#### Recorded information

────────────────────

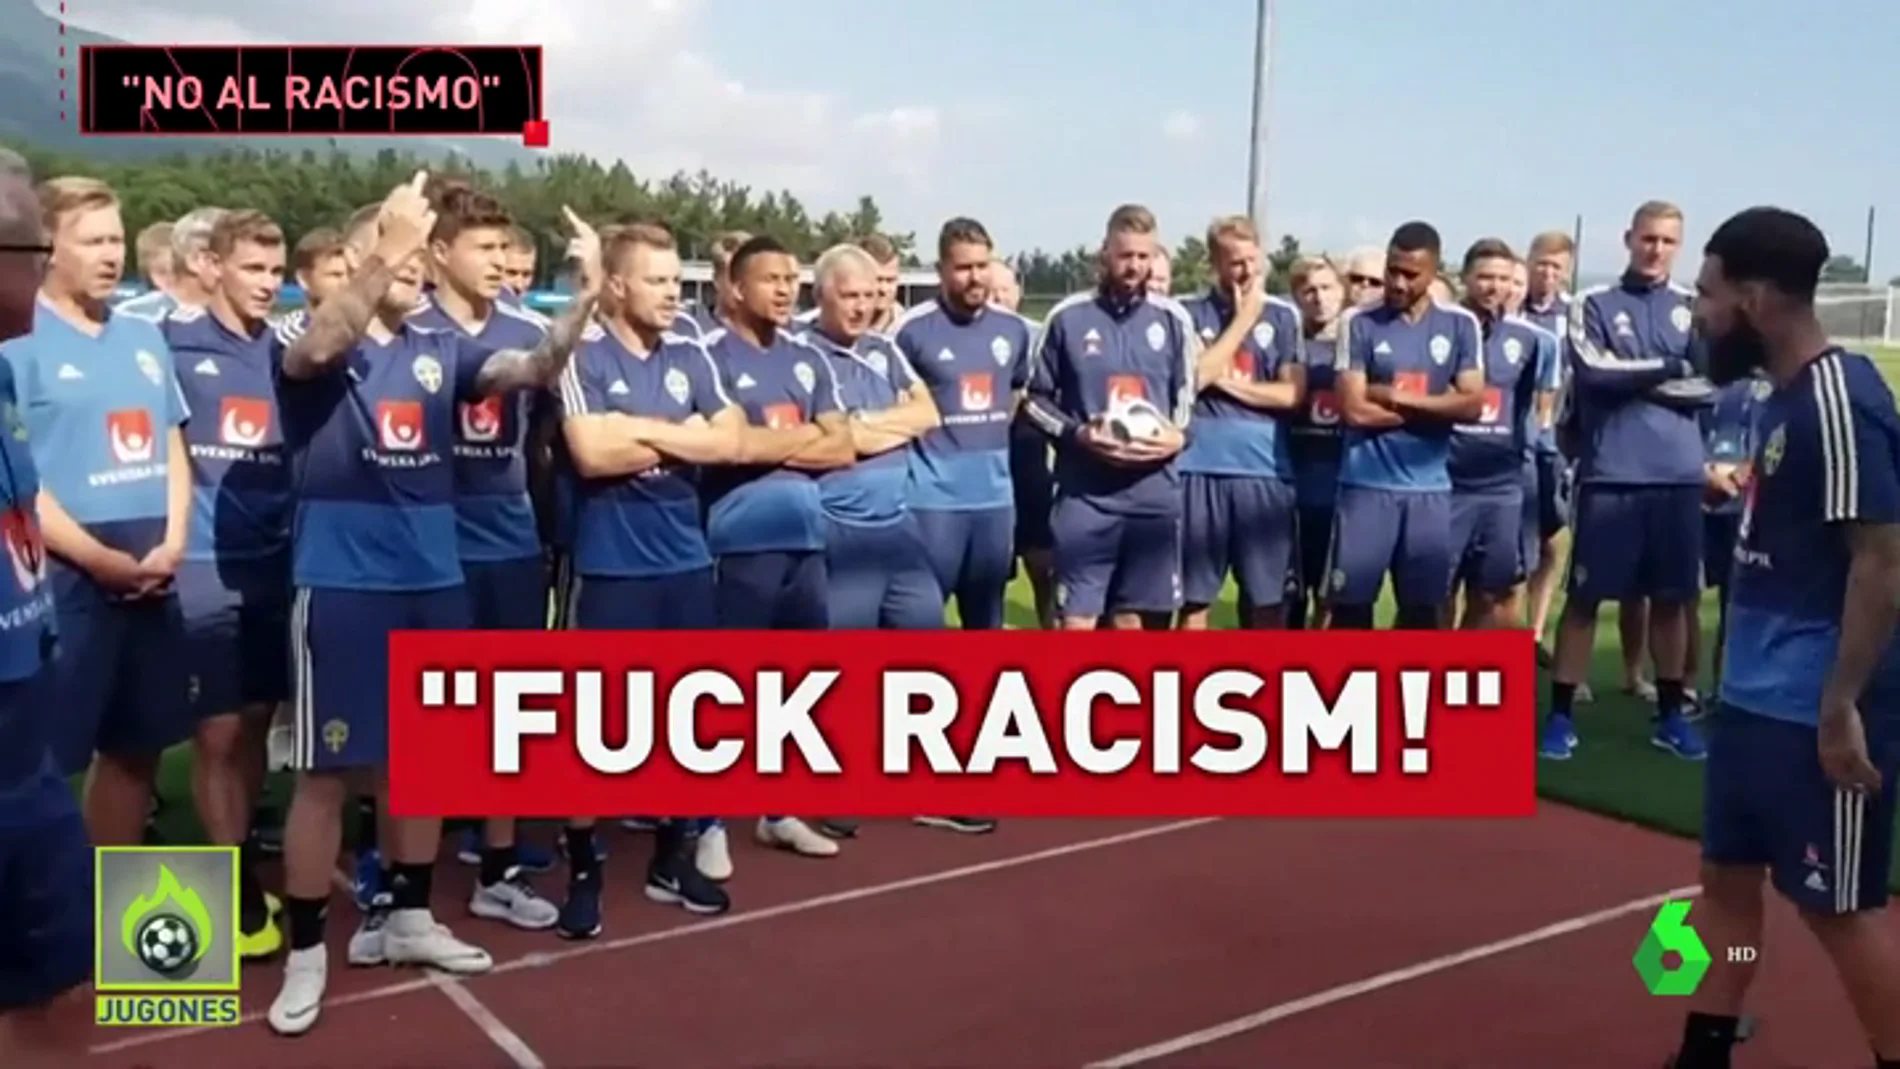 Boicot de 24 horas a las redes sociales de varios jugadores ingleses para protestar contra el racismo
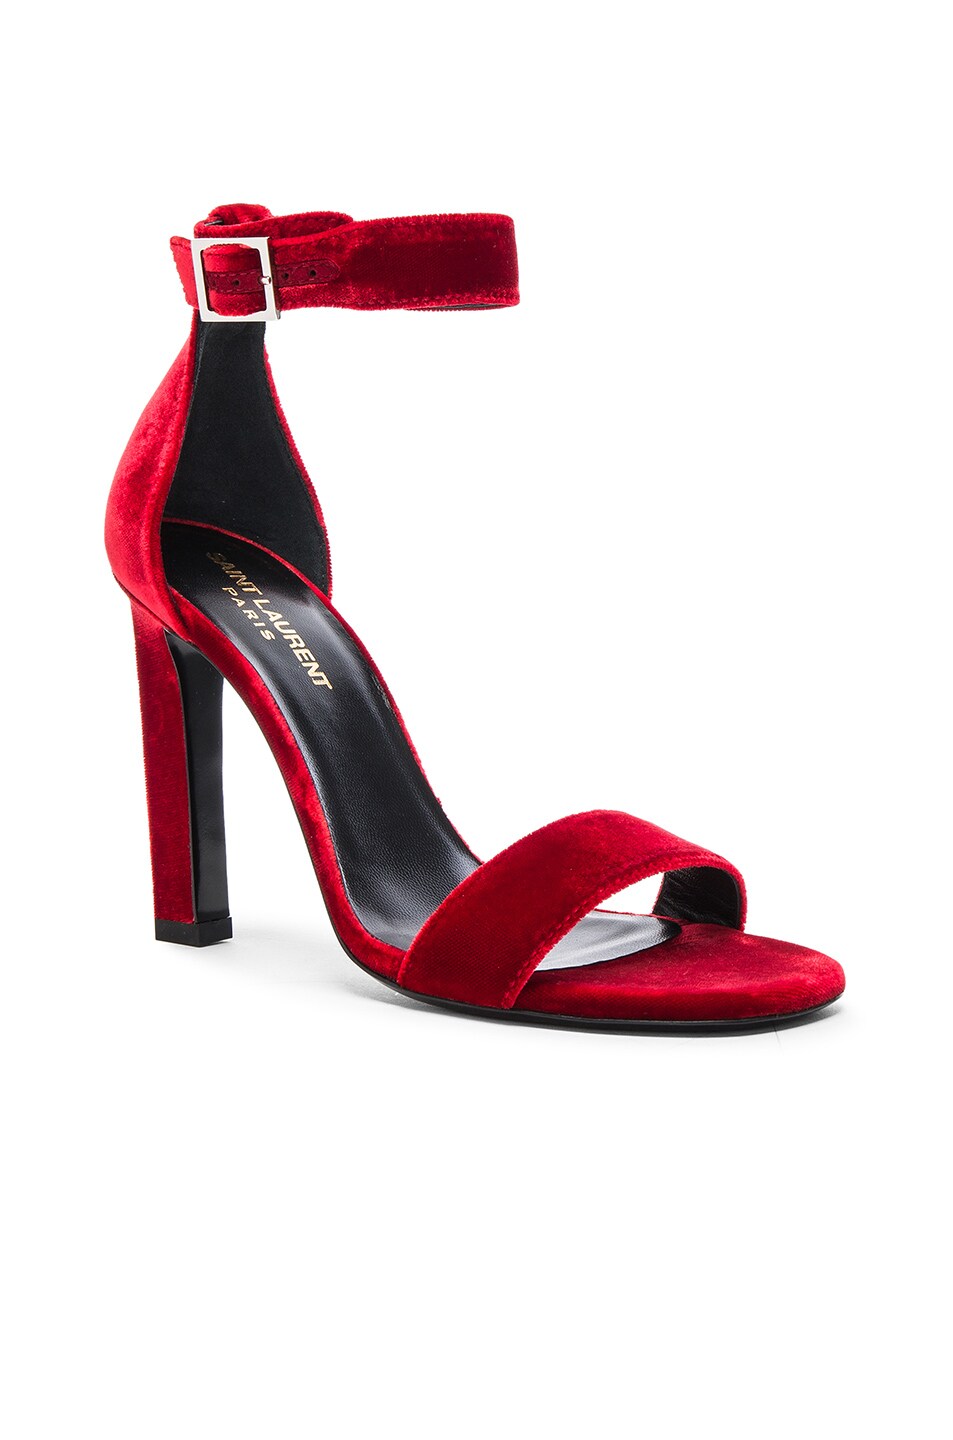 Saint Laurent Grace Velvet Ankle Strap Sandals in Red | FWRD
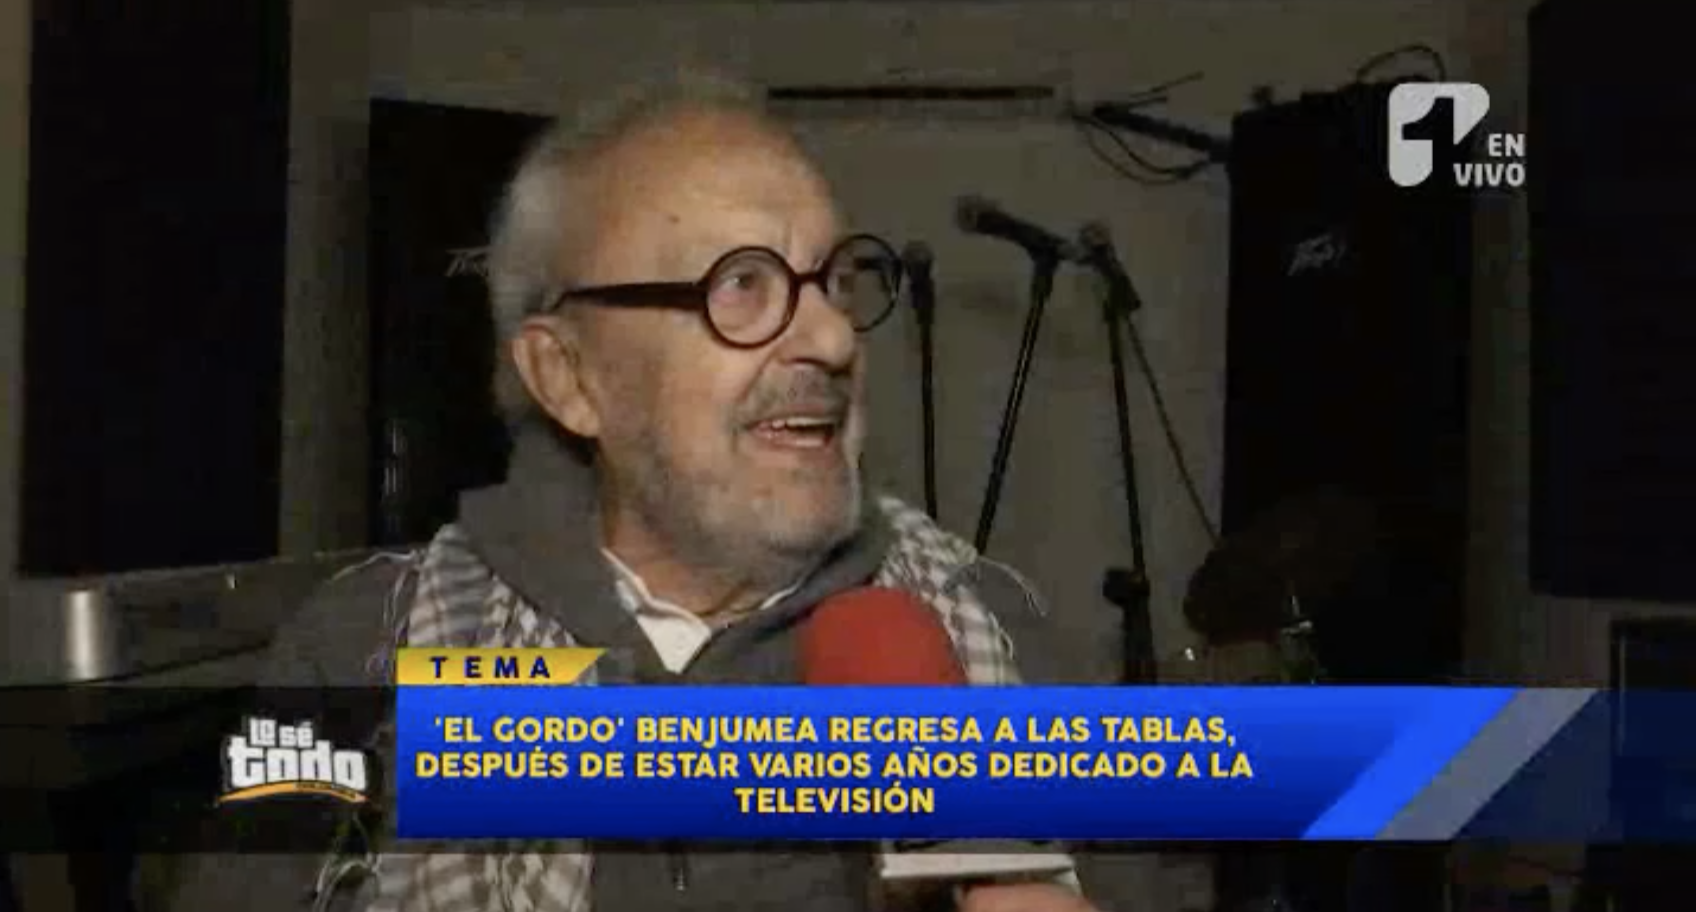 El Gordo Benjumea - El "Gordo" Benjumea tuvo que ser operado de urgencias - El actor tuvo una larga carrera en la televisión colombiana.

────────────────────

#### Exercise description
Give again, exactly, the lines from the start of the data through the one holding "Saint Laurent Grace"; omit the pictures.

#### Result of this exercise
 Boicot de 24 horas a las redes sociales de varios jugadores ingleses para protestar contra el racismo
 Saint Laurent Grace Velvet Ankle Strap Sandals in Red | FWRD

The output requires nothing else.